EXTRACTED MATERIAL:
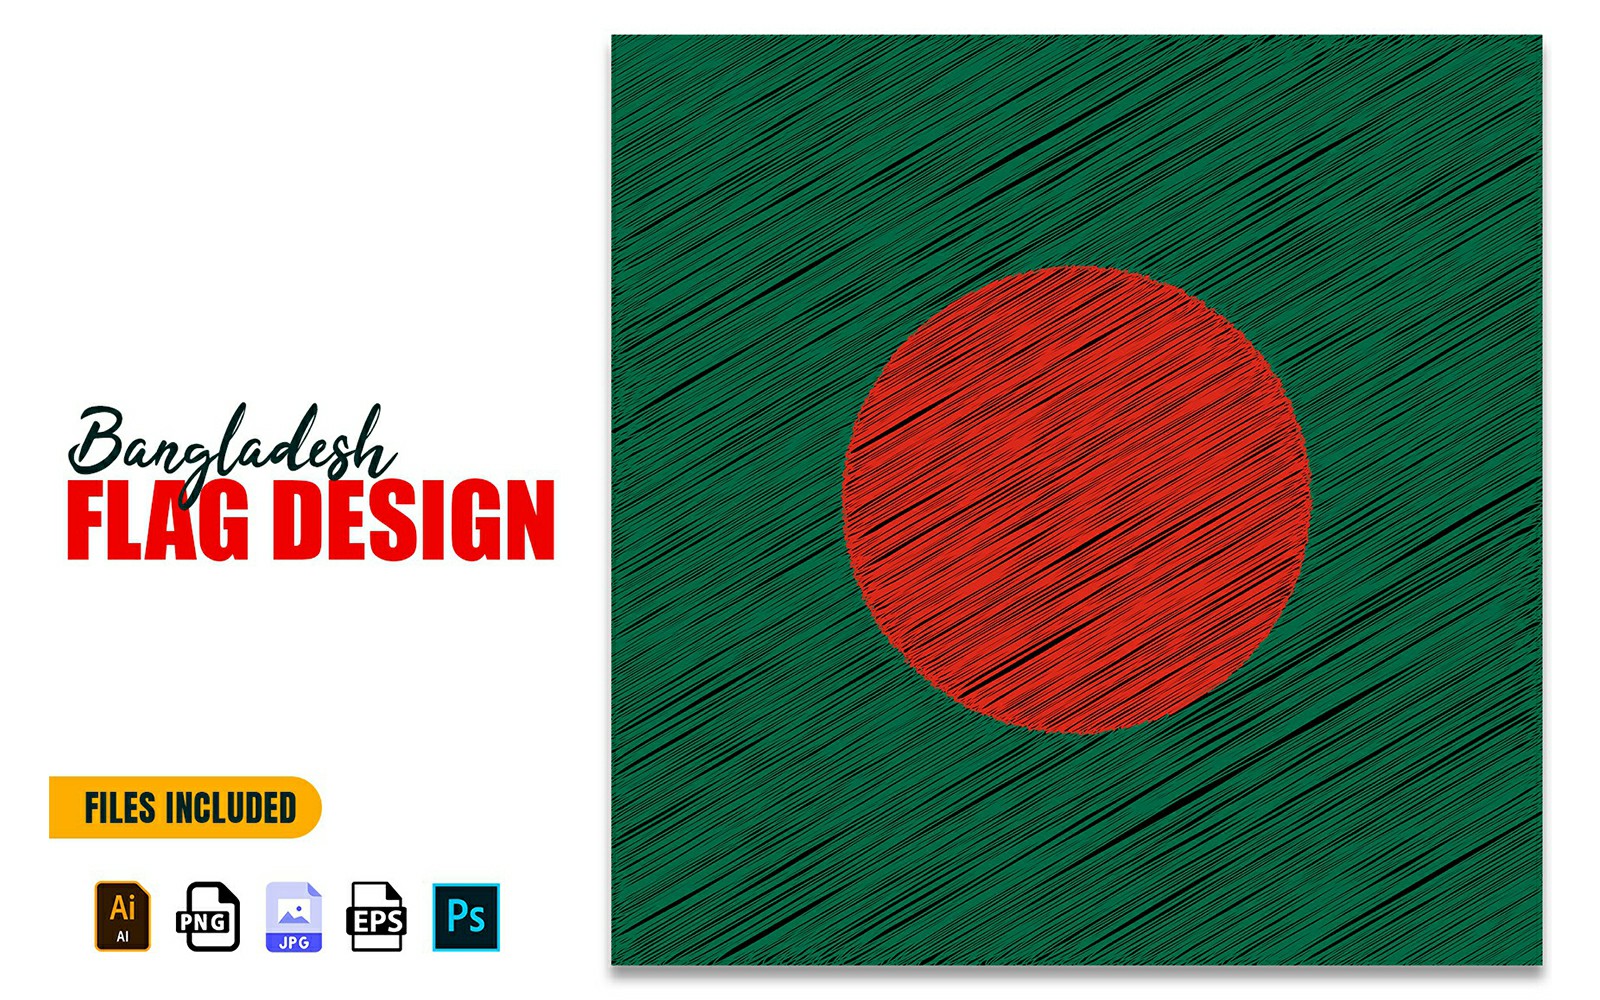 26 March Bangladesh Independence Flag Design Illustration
==
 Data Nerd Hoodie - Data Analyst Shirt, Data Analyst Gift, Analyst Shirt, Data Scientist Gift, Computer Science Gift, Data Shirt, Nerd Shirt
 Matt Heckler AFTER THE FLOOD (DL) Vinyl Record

YOUR GOAL: Copy the entries above exactly, but only from the line holding "Data Nerd Hoodie" through the line holding "Matt Heckler AFTER", both included.

SOLVED PROBLEM:
 Data Nerd Hoodie - Data Analyst Shirt, Data Analyst Gift, Analyst Shirt, Data Scientist Gift, Computer Science Gift, Data Shirt, Nerd Shirt
 Matt Heckler AFTER THE FLOOD (DL) Vinyl Record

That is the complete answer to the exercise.